In my area, Comcast is the ONLY option (outside of extremely expensive satellite alternatives). If they want to shut you off, they can. Then, you're screwed. I try not to do anything that will get me in trouble with them. Losing my cable, internet, etc. would be far worse than the tyranny of having my cable modem capped or my speed tiered. The problem is that they know this as well. That's why they can and do take these steps. My solution was the same one that Utah and others were going to do - city/state run broadband. It'd be just another utility and they could certainly offer it cheaper than Comcast. Plus, with the profits going back to the city or state, it would probably help lower/cut taxes. It's probably a simplistic view, and I realize that there are issues with letting the government control your internet access, but it would probably benefit the consumer much more than letting a monopolistic cable company charge $45 for crappy television and $45 more for internet access that goes down for "unscheduled maintenance."

This shouldn't even be possible (4, Insightful)

huhmz (216967) | more than 10 years ago | (#8189003)

Here in Sweden the caps aren't in the modems and quite frankly what kind of idiot ISP would do it this way? We are capped at the router or somesuch.

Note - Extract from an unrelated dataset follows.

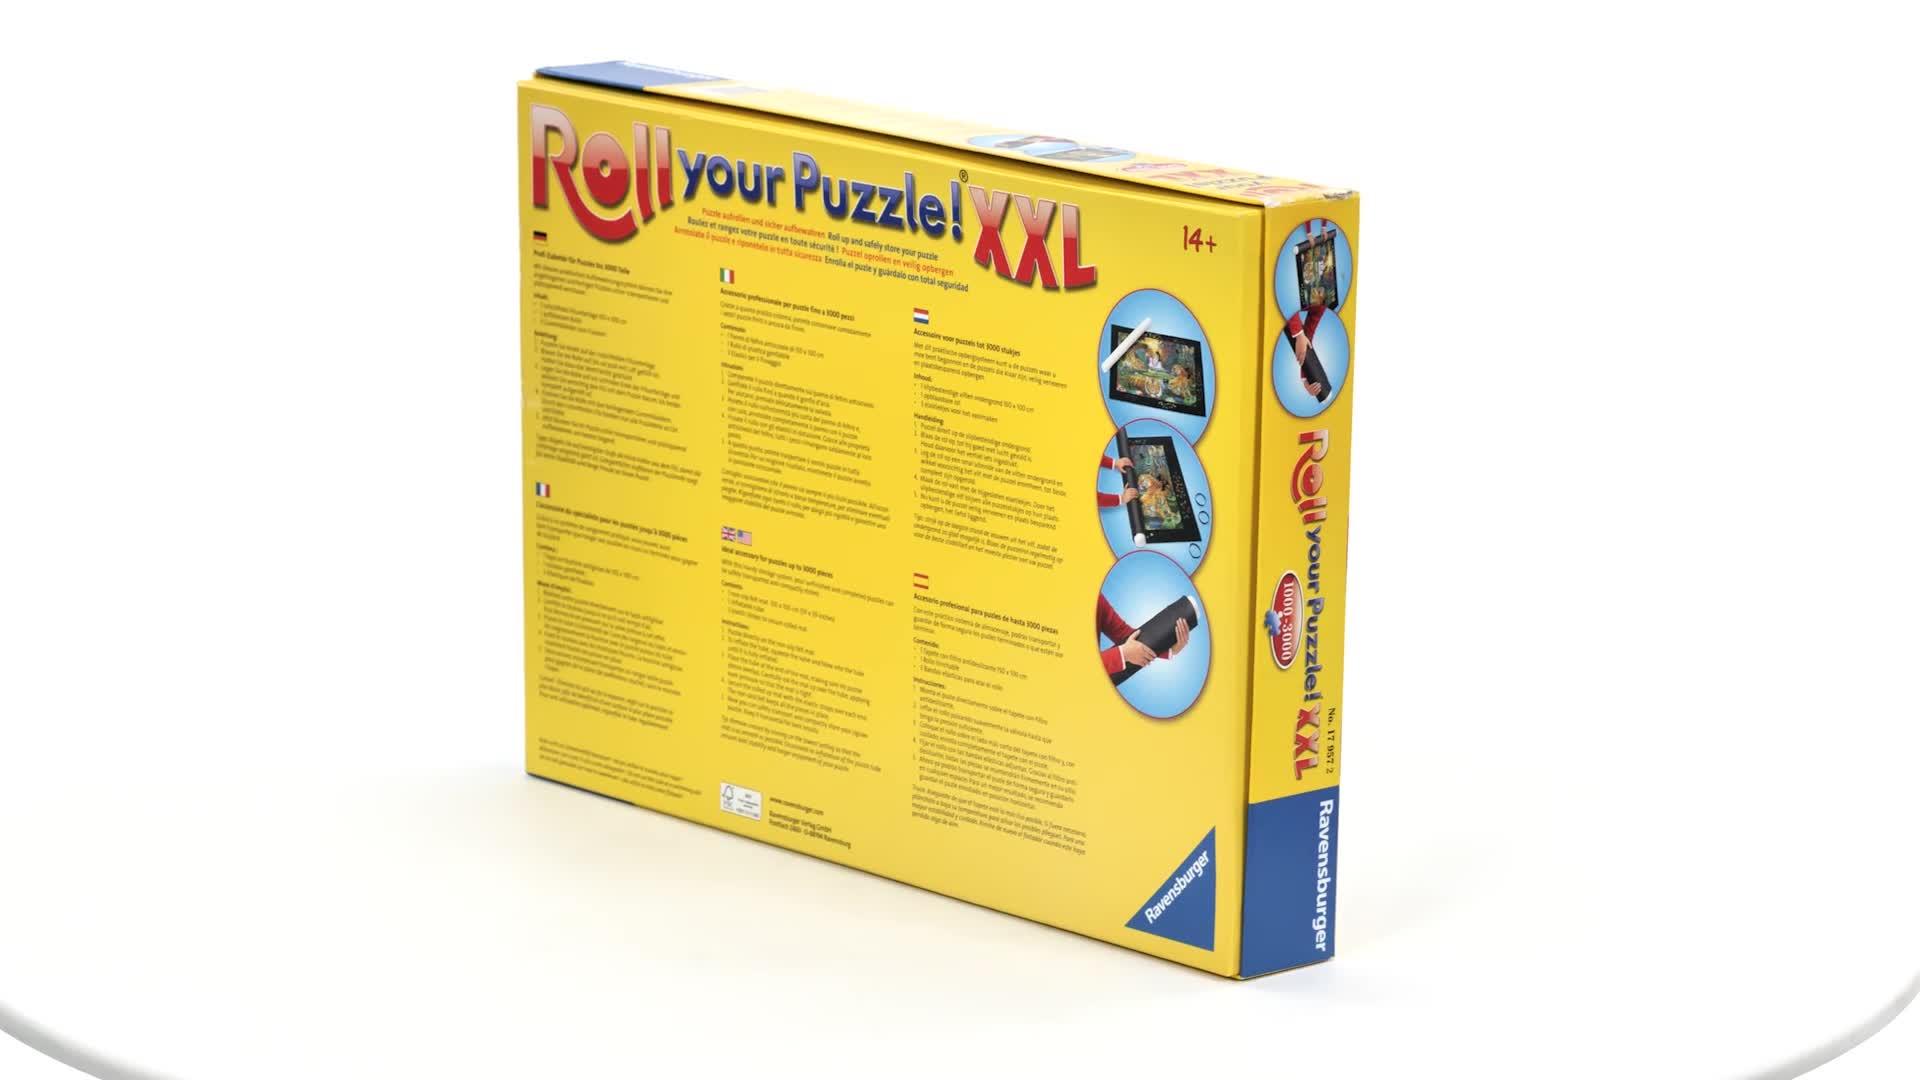 ravensburger tapis de puzzle xxl 1000 p a 3000 p accessoire pour puzzles adultes a partir de 14 ans 17957

I got 8 Mbit on my ADSL though which is maximum for ADSL so im not complaining.

Re:This shouldn't even be possible (2, Informative)

Anonymous Coward | more than 10 years ago | (#8189044)

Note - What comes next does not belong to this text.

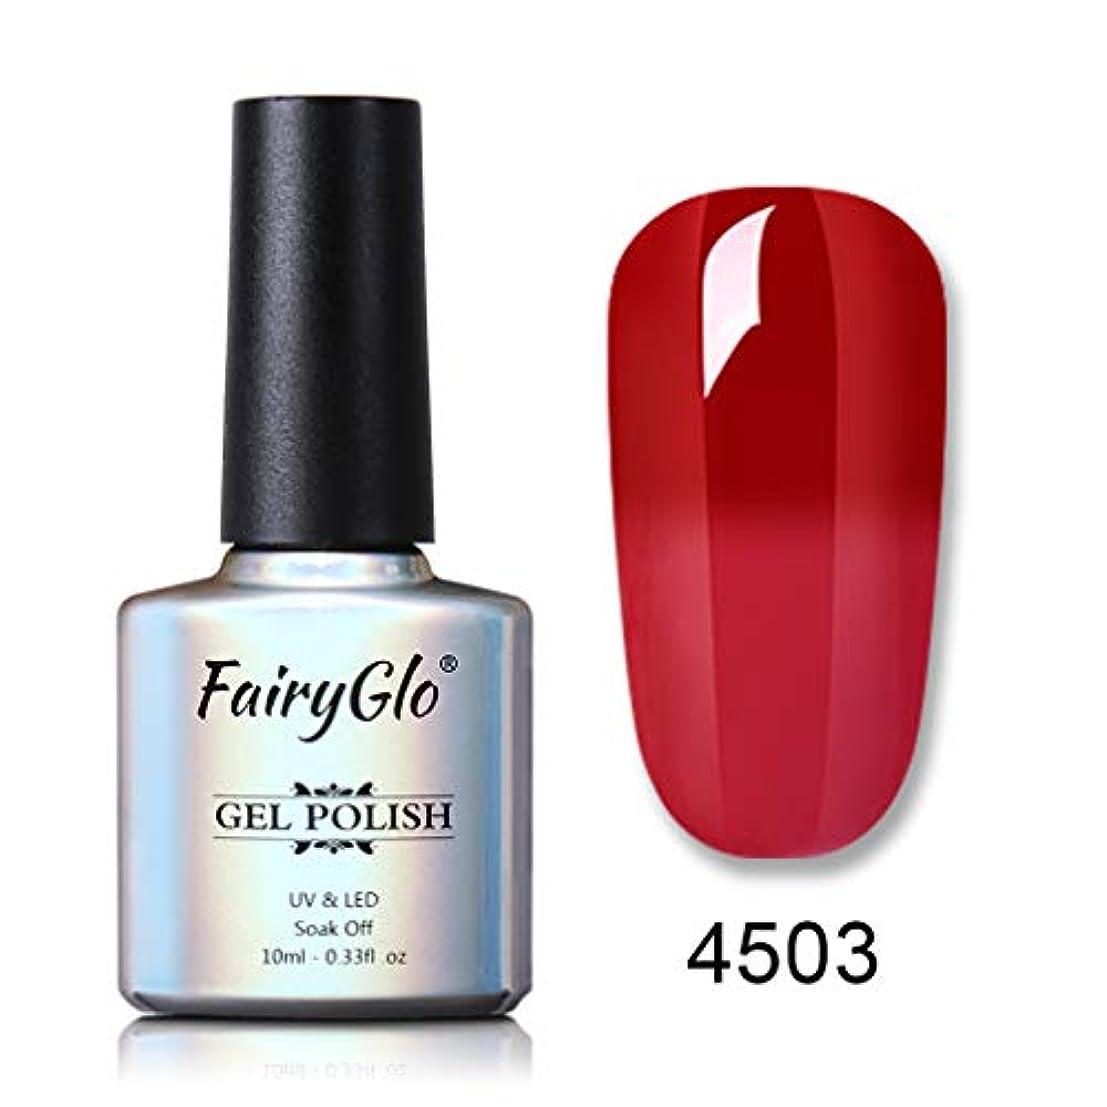 文房具トレース重量Fairyglo ジェルネイル カラージェル ワインレッド カメレオンカラージェル 温度により色が変化 UV/LED対応 1色入り 10ML 【全6色選択可】

errrr...... this is a discussion of CABLE not ADSL. ADSL lines are individual lines to the ISP's DSLAM, whereas cable modems are on a local network loop with other users, hence the need for capped modems......

Re:This shouldn't even be possible (4, Insightful)

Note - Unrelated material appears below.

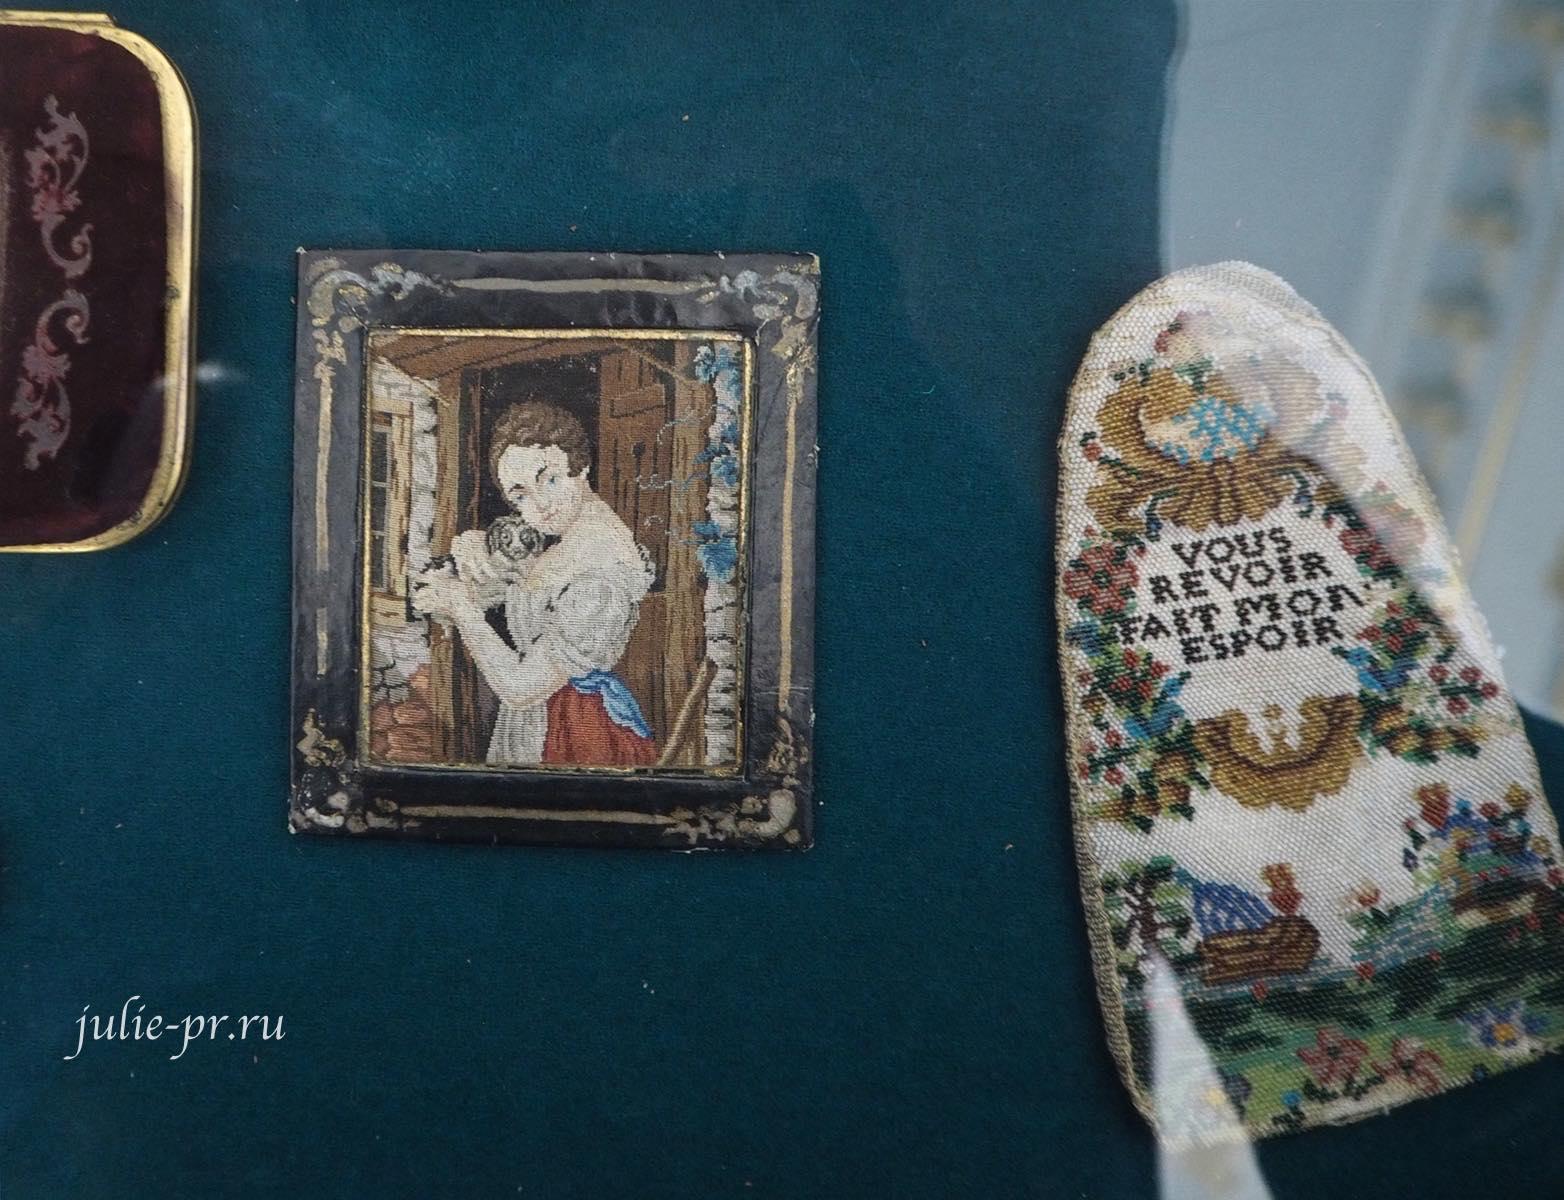 выставка Как роза ты нежна, вышивка гладью, вышивка бисером, музей усадьба Г. Р. Державина

Quill_28 (553921) | more than 10 years ago | (#8189053)

Umm.. I believe cable modem use a shared line with other users.
I am certainly no expert but I think it is more difficult with this setup, than with DSL.

But I could be wrong

Re:This shouldn't even be possible (1)

milgr (726027) | more than 10 years ago | (#8189243)

The cable company should be able to cap traffic at the ISP based on MAC or IP addresses - assuming that all traffic from a cable loop goes through one router in order to get off the loop.

To limit traffic between cable modems that are on the same loop, they need to either limit the traffic at the cable box, or add a box to the pole.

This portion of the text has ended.